Methylnaltrexone is a quaternary amine methylated derivative of naltrexone that is peripherally restricted because of its poor lipid solubility and inability to cross the blood–brain barrier.79 After SC administration, peak serum concentrations occur in about 30 minutes. The drug has a Vd of 1.1 L/kg and is minimally protein bound (11%–15%). Although there are several metabolites, 85% of the drug is eliminated unchanged in the urine.79
In the proper doses, pure opioid antagonists reverse all of the effects at the μ, κ, and δ receptors of endogenous and exogenous opioid agonists, except for those of buprenorphine, which has a very high affinity for and slow rate of dissociation from the μ receptor.54 Actions of opioid agonists that are not mediated by interaction with opioid receptors, such as direct mast cell liberation of histamine or the potassium channel blocking effects of methadone, are not reversed by these antagonists.2 Chest wall rigidity from rapid fentanyl infusion is usually reversed with naloxone.14 Opioid-induced seizures in animals, such as from propoxyphene, tend to be antagonized by opioid antagonists, although seizures caused by meperidine (normeperidine) and tramadol are exceptions.30 The benefit in humans is less clear.
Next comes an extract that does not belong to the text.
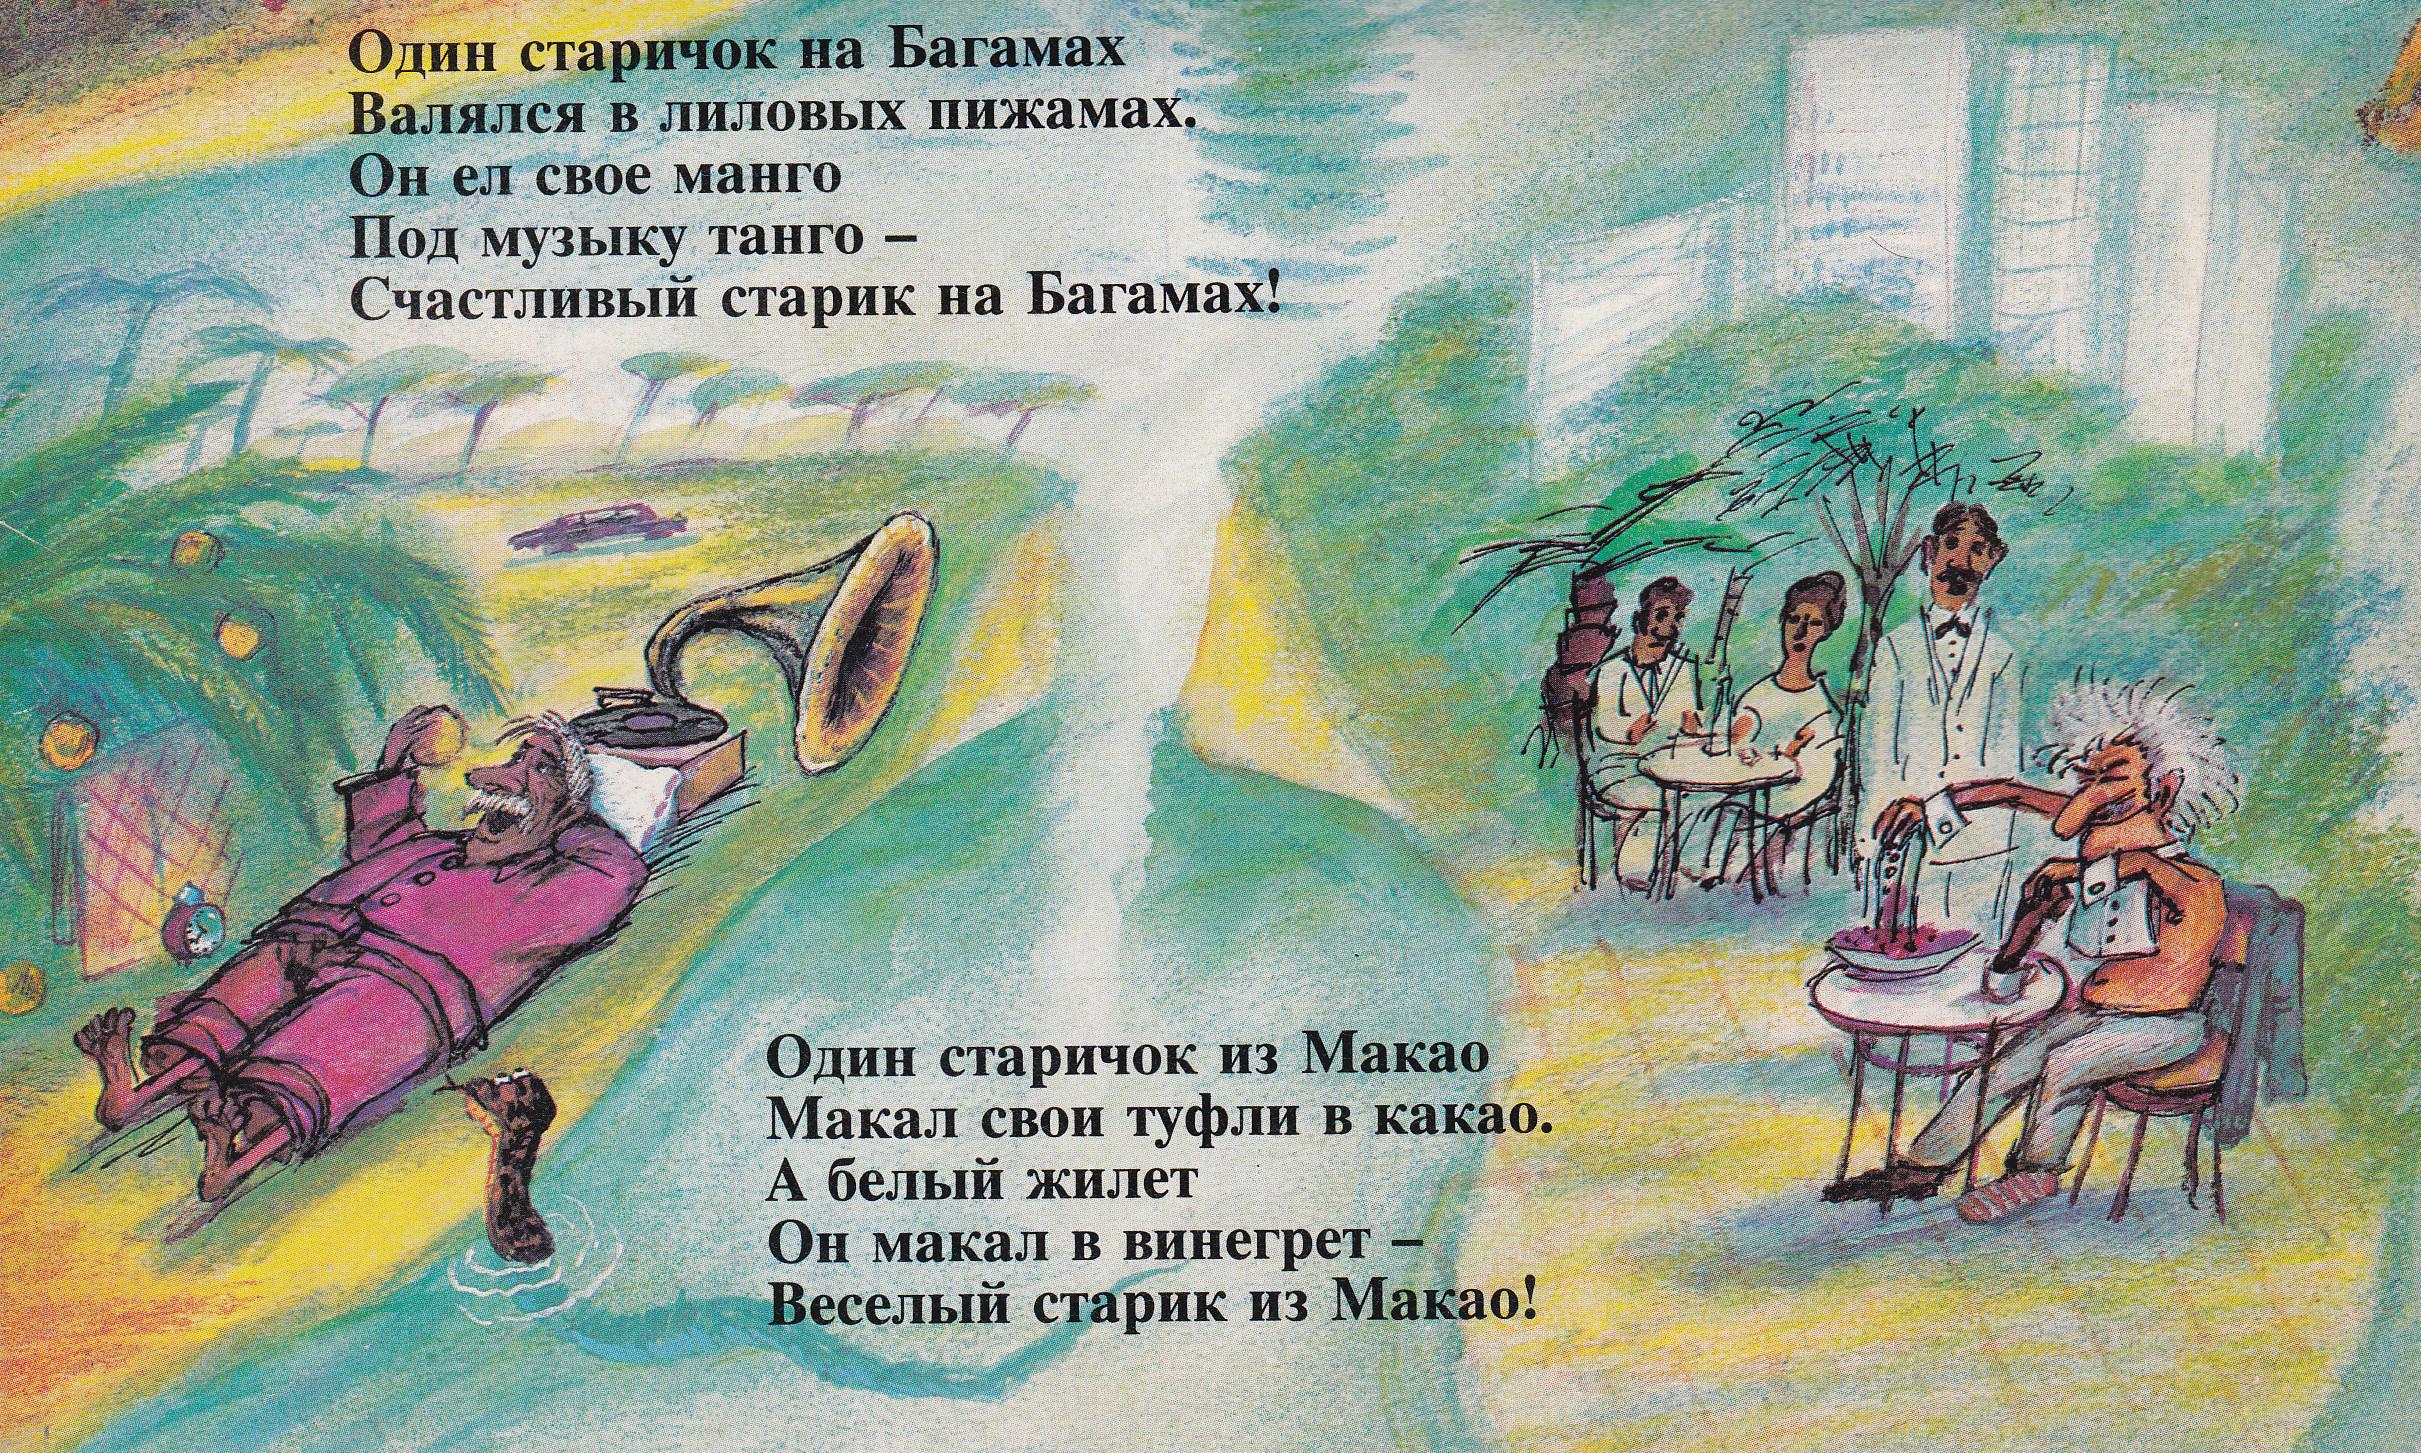 Лимерики с переводом и с картинками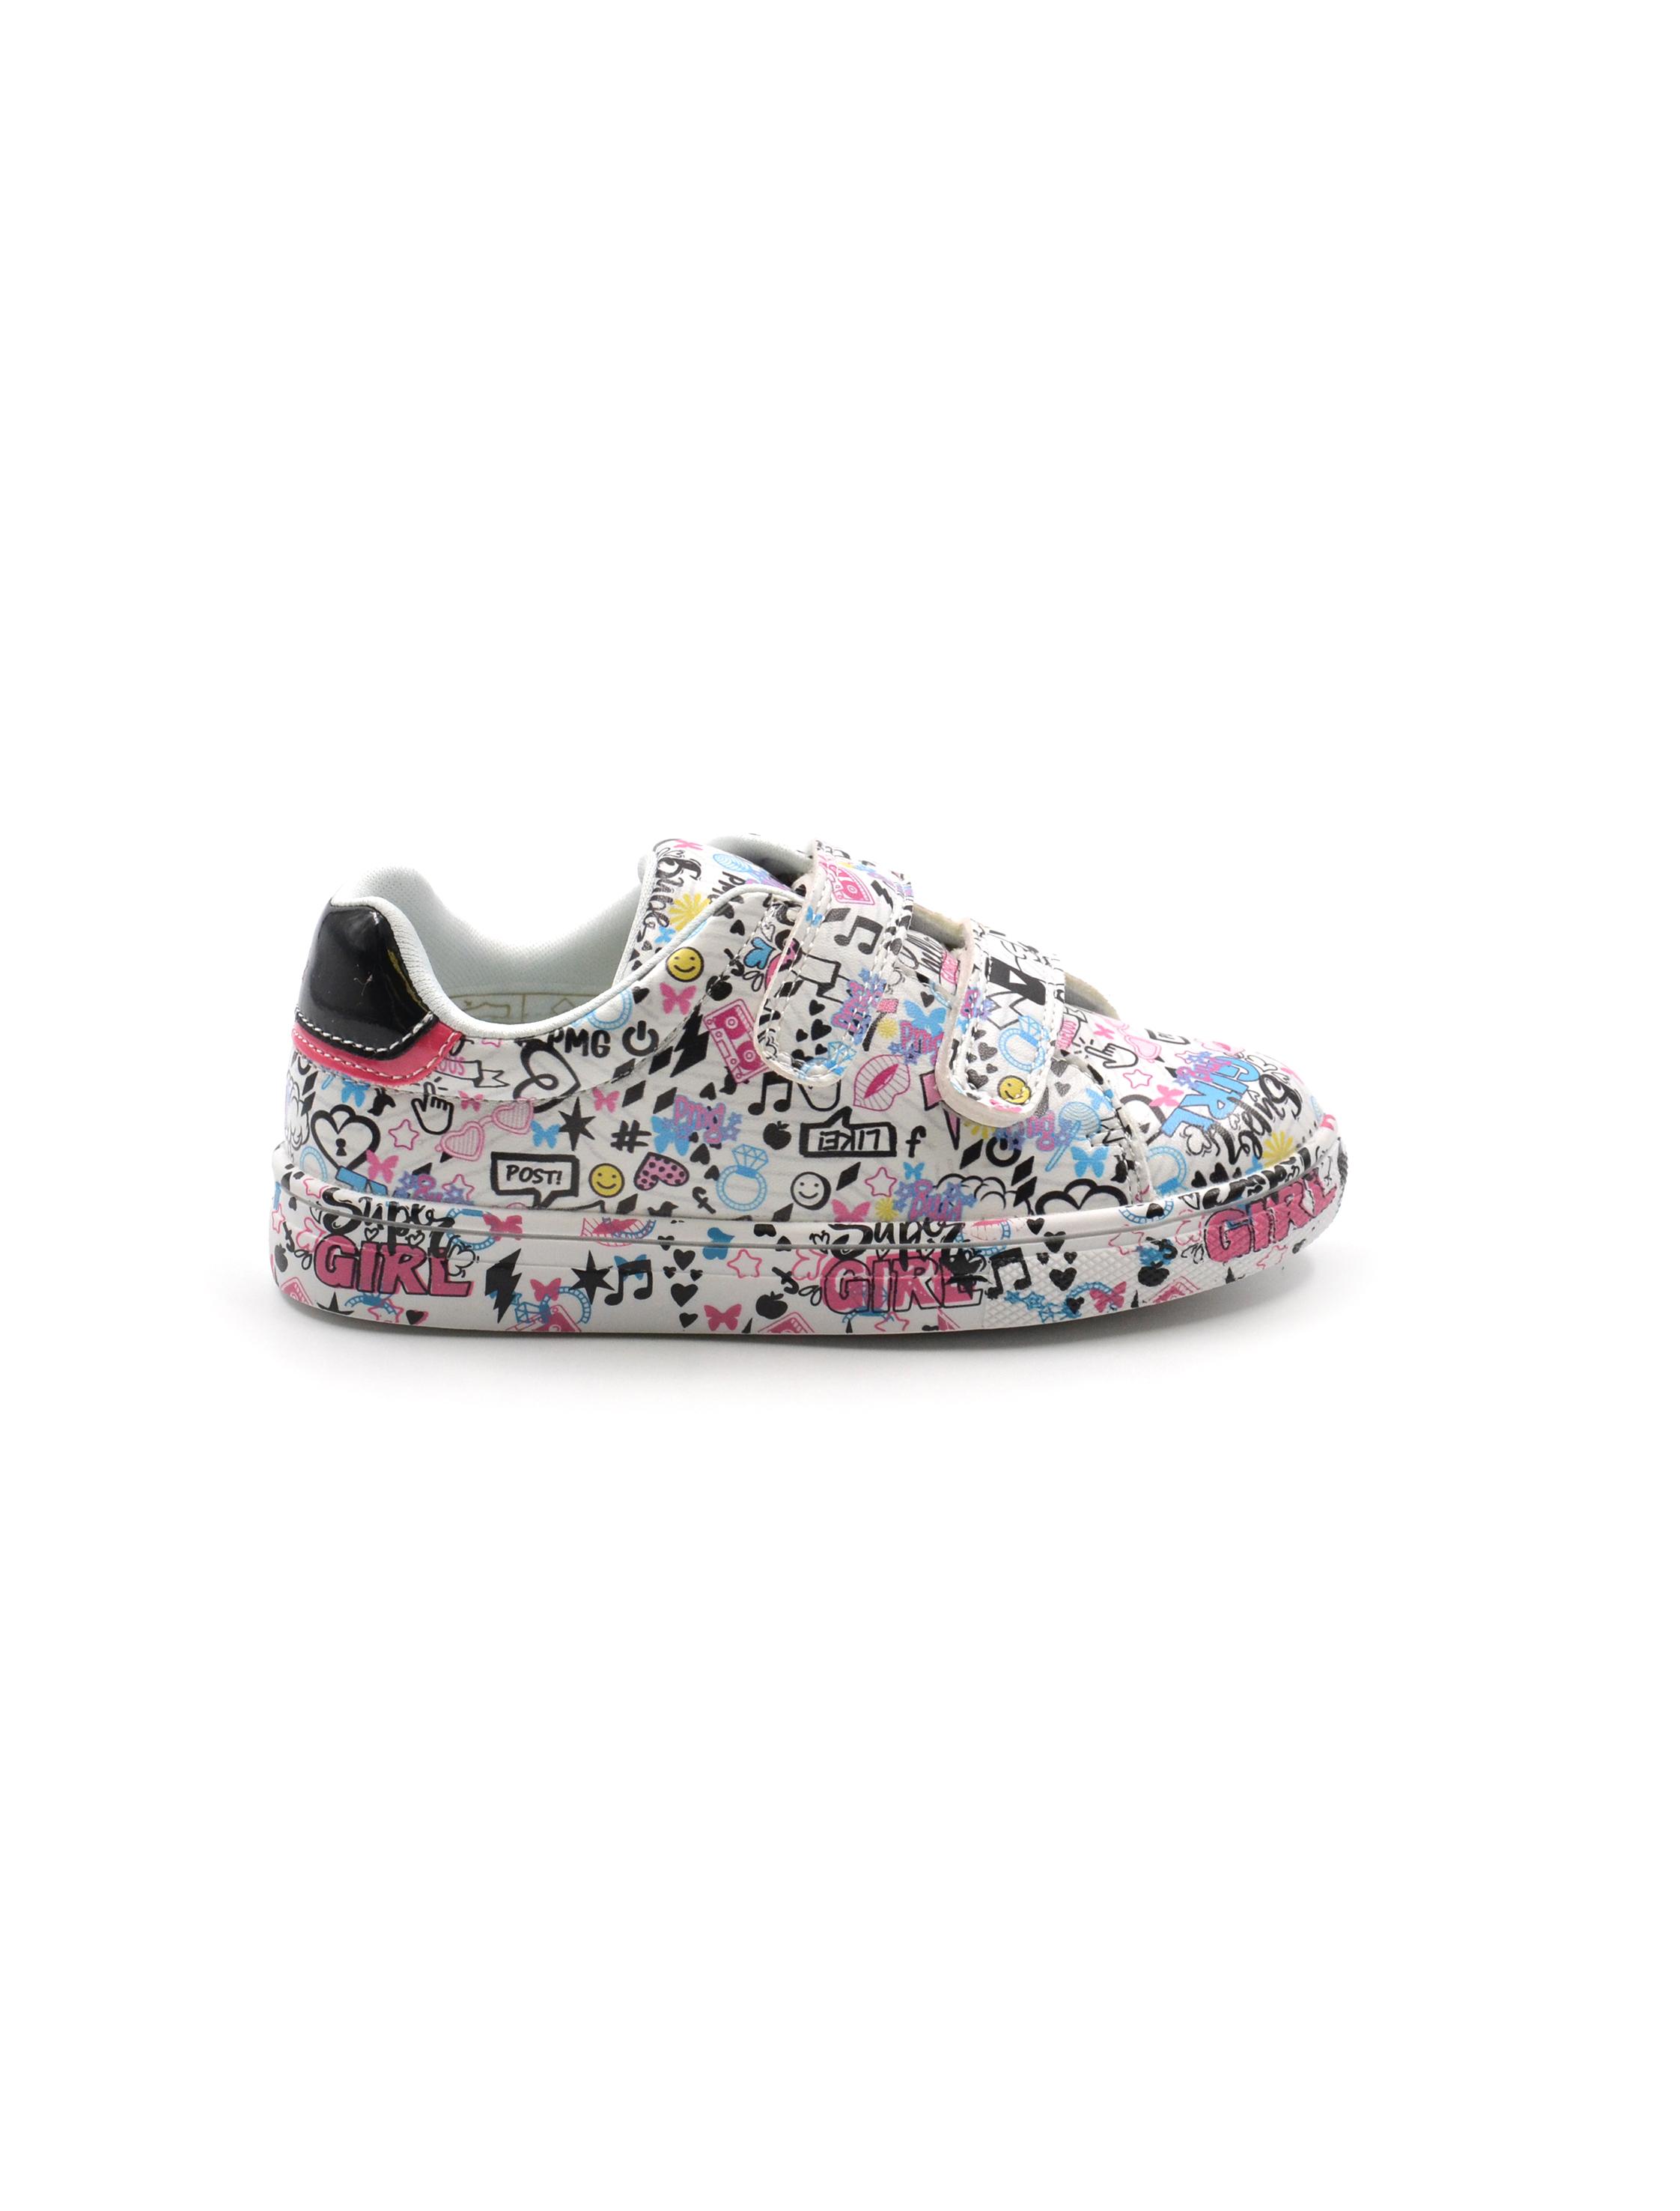 Primigi sneaker da bimba fantasia, Sneakers, colore BIANCO

A report of two newborns who developed seizures associated with fentanyl and morphine infusion demonstrated abrupt clinical and electroencephalographic resolution after administration of naloxone.17
Opioids operate bimodally on opioid receptors.15 At very low concentrations, μ opioid receptor agonism is excitatory at this receptor and actually may increase pain. This antianalgesic effect is modulated through a Gsprotein and usually is less important clinically than the well-known inhibitory actions that result from coupling to a Go protein at usual analgesic doses. For this reason, extremely low doses of opioid antagonists (ie, 0.25 μg/kg/h of naloxone) enhance the analgesic potency of opioids, including morphine, methadone, and buprenorphine.16,29 Naloxone also attenuates or prevents the development of tolerance and dependence.29 Coadministration of these very low doses of antagonists with the opioid also limits opioid-induced adverse effects such as nausea, vomiting, constipation, and pruritus.79
The opioid antagonists may reverse the effects of endogenous opioid peptides, including endorphins, dynorphins, and enkephalins. Endogenous opioids are found in tissues throughout the body and may work in concert with other neurotransmitter systems to modulate many physiologic effects.26,67 For instance, during shock, the release of circulating endorphins produces an inhibition of central sympathetic tone by stimulating κ receptors within the locus coeruleus, resulting in vasodilation. Vagal tone is also enhanced through stimulation of opioid receptors in the nucleus ambiguus.
Research investigating the cardioprotective effects of opioid agonists through their action at the sarcolemmal and mitochondrial K+-ATP (adenosine triphosphate) channels is ongoing.27 Nonselective opioid antagonists may negate these protective effects.